Au niveau du ministère de l’Environnement, on fait ressortir que le litige soulevé en fin de semaine relatif aux travaux de dragage dans le lagon de Trou d’Eau Douce concerne Sun Resorts et la communauté des pêcheurs. Toutefois, après les doléances des pêcheurs jeudi au ministère de l’Environnement, ce dernier a fait parvenir un courrier à Sun Resorts l’après-midi même, l’informant de la situation et lui demandant de tenir une rencontre urgente avec les principaux concernés. A ce stade, souligne l’Environnement, il est satisfait de la manière dont les travaux sont effectués. En cas de non-respect des conditions imposées, il assure qu’il agira en conséquence. L’Environnement indique qu’en ce qu’il s’agit du desensablement du Passage Grand Courant entre l’île aux Cerfs et l’îlot Mangénie, pour lequel les pêcheurs ont émis des interrogations quant à la nécessité d’un  permis EIA, « ces travaux concernent le reinstatement de la passe et des plages érodées. Il ne s’agit pas d’un nouveau travail, et ces travaux seront entrepris suivant les conditions imposées par le ministère. »

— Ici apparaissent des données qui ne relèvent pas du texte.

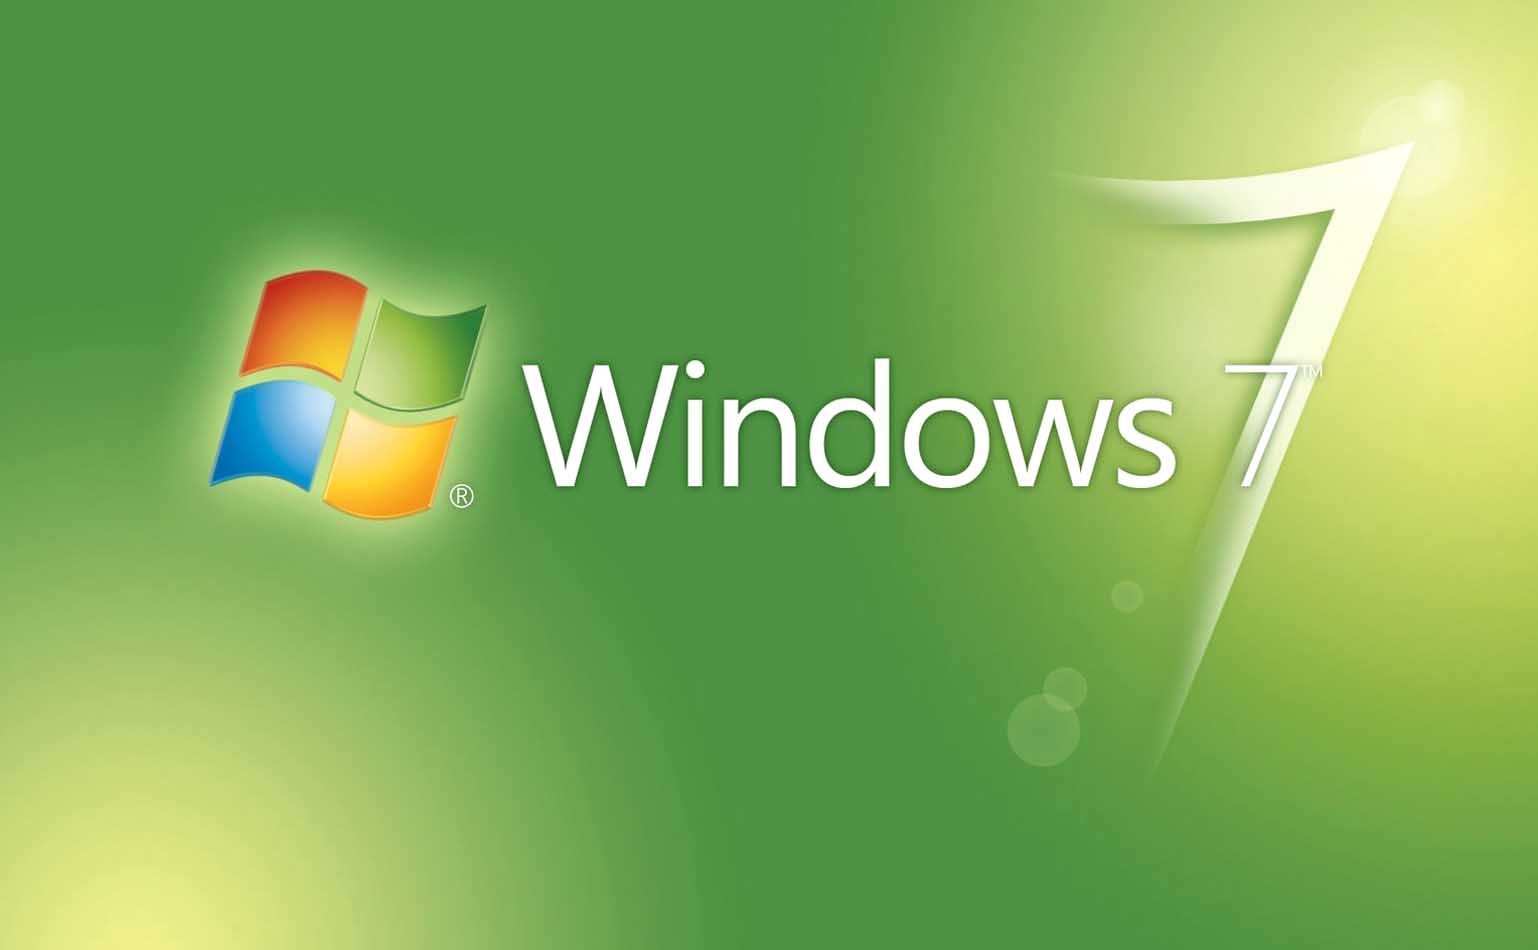 Wallpaper Windows 7 Ultimate Hd 3d For Laptop Image Num 31

Négociation financière: Sun Resorts ne se prononce pas
On apprend qu’après la tentative pacifique de rencontre des pêcheurs vendredi avec la direction du Touessrock, ces derniers ont obtenu qu’une rencontre se fasse cette semaine. Ils ont fait parvenir une lettre à la direction de l’hôtel, l’informant des différents points qu’ils souhaitent aborder durant cette rencontre, dont celui de leur manque à gagner en raison de ces travaux d’ensablement qui détruisent les ressources marines et autres algues utilisées pour leurs activités professionnelles.
Ils indiquent souhaiter une solution concrète à cette situation « through a financial compensation that will satisfy all parties in the interest of one and all. »
Clyde Vacher indique que « nous avons été mis au courant d’une demande supplémentaire des pêcheurs pour des éclaircissements relatifs à l’impact environnemental de ces travaux. Nous comptons les rencontrer la semaine prochaine, dès que nous aurons obtenu les informations réclamées. » Concernant la négociation financière que réclament les pêcheurs, Sun Resorts n’a pas souhaité, à ce stade, se pronconcer.
Selon nos informations, durant l’après-midi de vendredi, les officiers du Centre de Recherches d’Albion ont effectué une visite du site pour attester des dires des pêcheurs. Les prélèvements effectués dans le lagon par les plongeurs seront examinés et les conclusions transcrites dans un rapport qui devrait être soumis cette semaine au ministère de la Pêche.
Passage Grand Courant: les travaux démarrent en fin semaine
En attendant, les travaux dans les chenaux Lièvres et Levrettes sont parvenus en phase finale. A hier, la drague suceuse aurait déjà quitté son emplacement dans le chenal à proximité du Touessrock pour être dirigée vers le Passage Grand Courant de l’autre côté du lagon. Les travaux dans cette partie du lagon devraient démarrer cette semaine. Depuis une semaine, le restaurant Paul et Virginie situé sur l’île aux Cerfs est fermé aux clients, alors que le Bar Sands et le restaurant Masala sont encore ouverts.
Sun Resorts indique que certaines zones de l’île aux Cerfs et l’îlot Mangénie, où seront effectués les travaux de désensablement et de reprofiling, seront hors d’accès pendant quelques jours. Les opérateurs touristiques devront donc déplacer temporairement leurs activités sur quelques mètres. Selon nos informations, la durée des travaux s’étalera sur un mois, le temps pour la drague suceuse d’enlever quelque 15 000 m3 de sable qui seront replacés sur la plage de l’îlot Mangénie.